Airflow can be made scalable by deploying it on a Kubernetes cluster. In this article we will learn how deploy the airflow application in an AWS EKS cluster and persist the data by using an external storage like FSx Lustre.
Table of Contents
Prerequisites
The prerequisites for deploying the application on EKS cluster includes the following.
- IAM Roles for the Cluster and the worker nodes.
- VPC network setup.
- EKS cluster and Optional EC2 instance.
- FSx Lustre Filesystem
IAM roles
The node IAM role gives permissions to the kubelet running on the node to make calls to other APIs on your behalf. This includes permissions to access container registries where your application containers are stored.
Before you can launch a node group, you must create an IAM role for those worker nodes to use when they are launched.
Create IAM roles for the EKS cluster and worker nodes.
a. EKS_cluster_role with AWS managed policy AmazonEKSClusterPolicy
b. EKSWorkerNode with AWS managed policies AmazonEC2ContainerRegistryReadOnly, AmazonEKS_CNI_Policy, and AmazonEKSWorkerNodePolicy
VPC network setup
Create a VPC in your desired region. Make sure that the public subnets are enabled for auto assigning public IP address.
Create EKS Cluster
An Amazon EKS cluster consists of two primary components:
- The Amazon EKS control plane which consists of control plane nodes that run the Kubernetes software, such as etcd and the Kubernetes API server. These components run in AWS owned accounts.

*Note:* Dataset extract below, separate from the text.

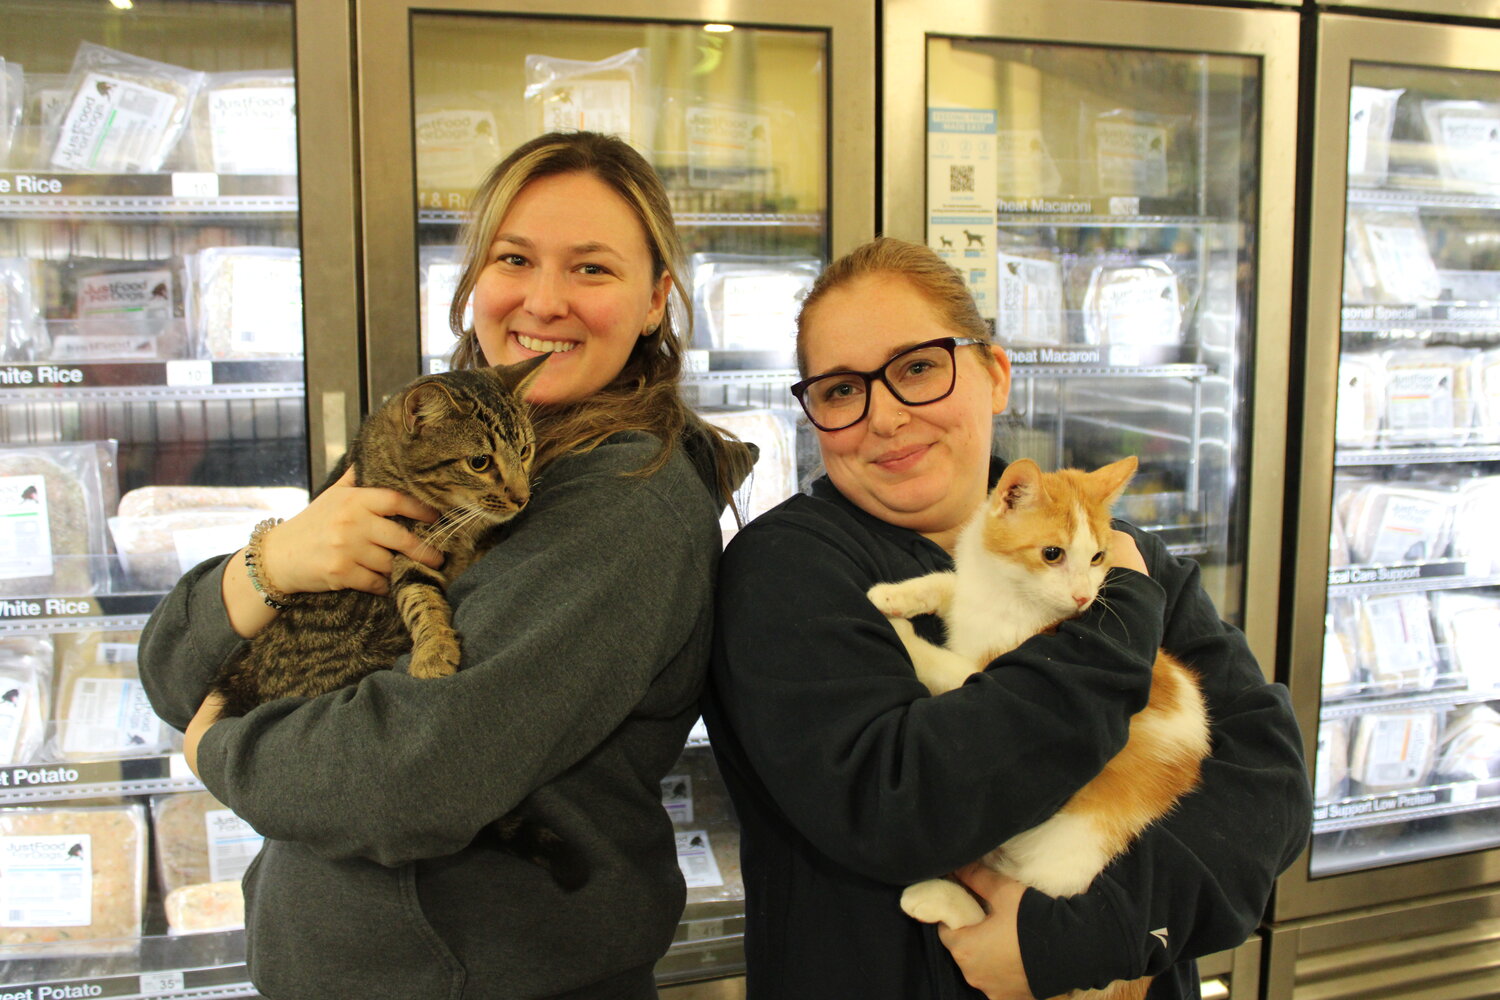 Volunteer organizers Jordyn Valente, 30, and Ally Tyrell, 25, with Fin and Rosco, two 8-month-old cats that are looking for new homes.

- A data plane made up of Amazon EKS worker nodes or Fargate compute registered to the control plane. Worker nodes run in customer accounts; Fargate compute runs in AWS owned accounts.
Cluster configuration
Select the IAM role to allow the Kubernetes control plane to manage AWS resources on your behalf. This property cannot be changed after the cluster is created.
Cluster access
By default, Amazon EKS creates an access entry that associates the AmazonEKSClusterAdminPolicy access policy to the IAM principal creating the cluster.
Any IAM principal assigned the IAM permission to create access entries can create an access entry that provides cluster access to any IAM principal after cluster creation.

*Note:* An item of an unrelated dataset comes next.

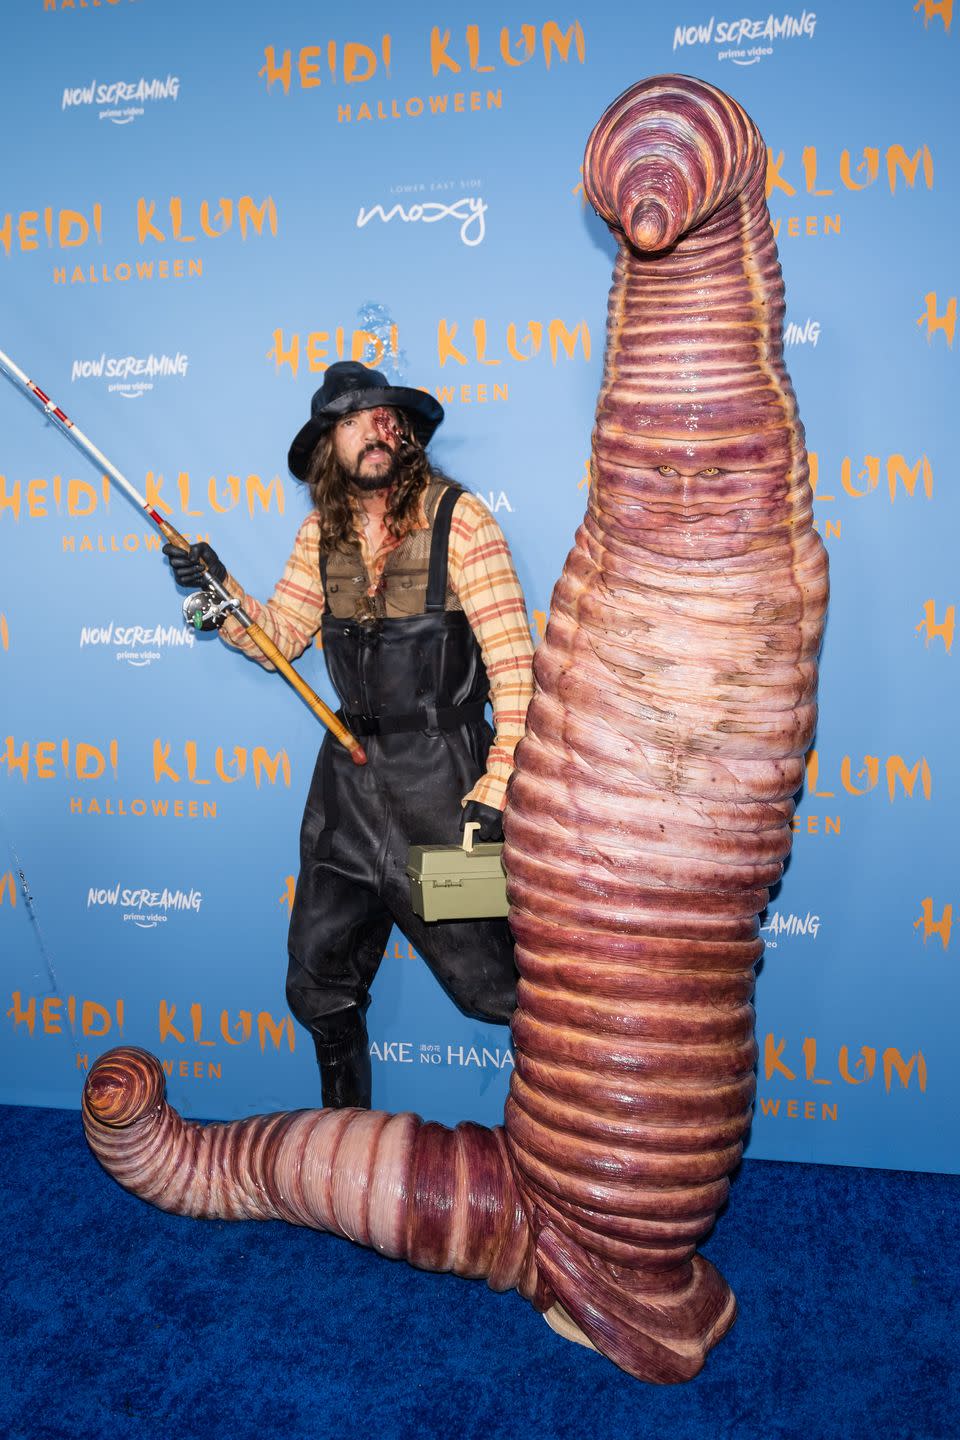 Heidi Klum's Viral Worm Halloween 2022 Costume Was Two Years in the Making

The cluster will source authenticated IAM principals from both EKS access entry APIs and the aws-auth ConfigMap.
Networking
Each Managed Node Group requires you to specify one of more subnets that are defined within the VPC used by the Amazon EKS cluster. Nodes are launched into subnets that you provide. The size of your subnets determines the number of nodes and pods that you can run within them. You can run nodes across multiple AWS availability zones by providing multiple subnets that are each associated different availability zones. Nodes are distributed evenly across all of the designated Availability Zones.
Cluster endpoint access
You can limit, or completely disable, public access from the internet to your Kubernetes cluster endpoint.

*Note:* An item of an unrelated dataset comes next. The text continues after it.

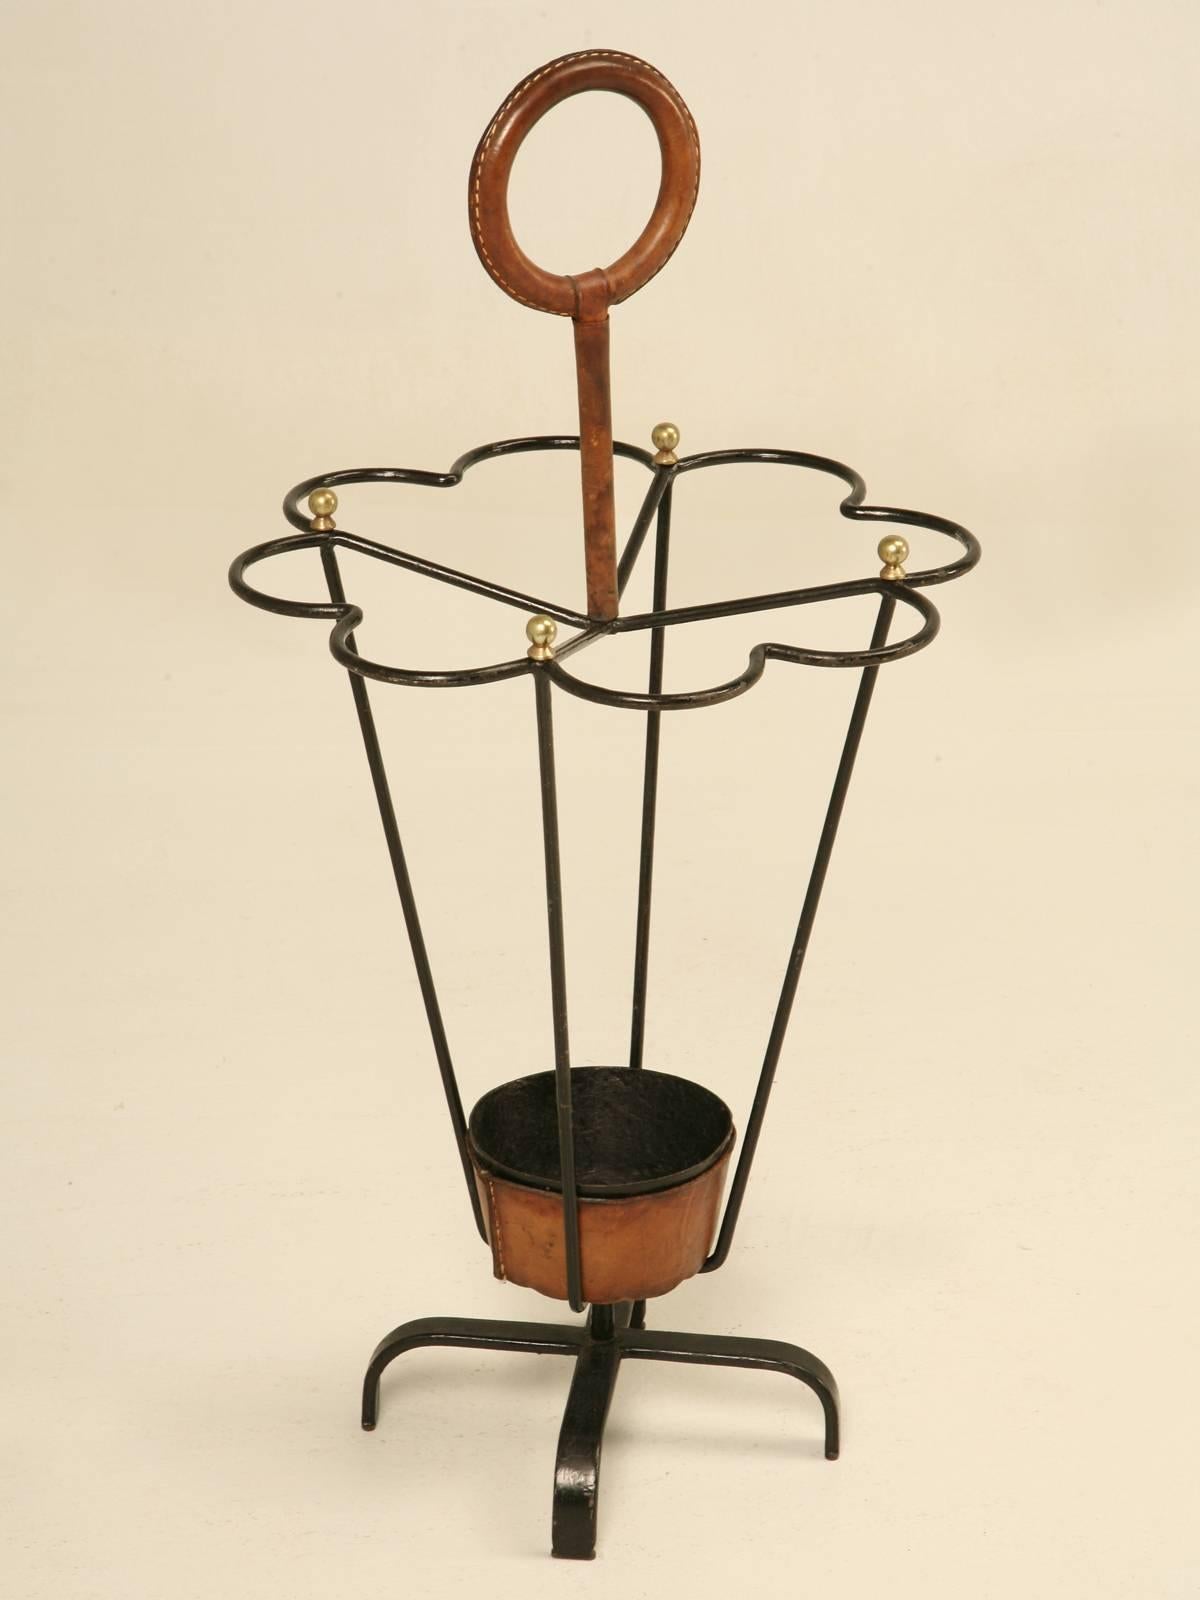 Original Jacques Adnet Leather Wrapped Umbrella Stand or Stick Stand.
Jacques Adnet was an iconic figure in French Modernism. He believed in function of the furniture blended with geometrical simplicity. In the 1950s he created furniture and

Amazon EKS creates an endpoint for the managed Kubernetes API server that you use to communicate with your cluster (using Kubernetes management tools such as kubectl). By default, this API server endpoint is public to the internet, and access to the API server is secured using a combination of AWS Identity and Access Management (IAM) and native Kubernetes Role Based Access Control (RBAC).
You can, optionally, limit the CIDR blocks that can access the public endpoint. If you limit access to specific CIDR blocks, then it is recommended that you also enable the private endpoint, or ensure that the CIDR blocks that you specify include the addresses that worker nodes and Fargate pods (if you use them) access the public endpoint from.
You can enable private access to the Kubernetes API server so that all communication between your worker nodes and the API server stays within your VPC. You can limit the IP addresses that can access your API server from the internet, or completely disable internet access to the API server.
Controller node setup
The controller node may be an EC2 machine or a bare metal computer where we install and configure AWS CLI, IAM authenticator, and Kubectl for accessing and making changes to the EKS cluster.
- AWS CLI
snap install aws-cli –classic
aws configure
2. IAM Authenticator
curl -o aws-iam-authenticator https://amazon-eks.s3.us-west-2.amazonaws.com/1.15.10/2020-02-22/bin/linux/amd64/aws-iam-authenticator
Apply execute permissions to the binary.
chmod +x ./aws-iam-authenticator
Copy the binary to a folder in your PATH.
sudo mv ./aws-iam-authenticator /usr/local/bin
Verify the installation
aws-iam-authenticator help
3. Kubectl
Download the kubectl binary for your cluster’s Kubernetes version from Amazon S3.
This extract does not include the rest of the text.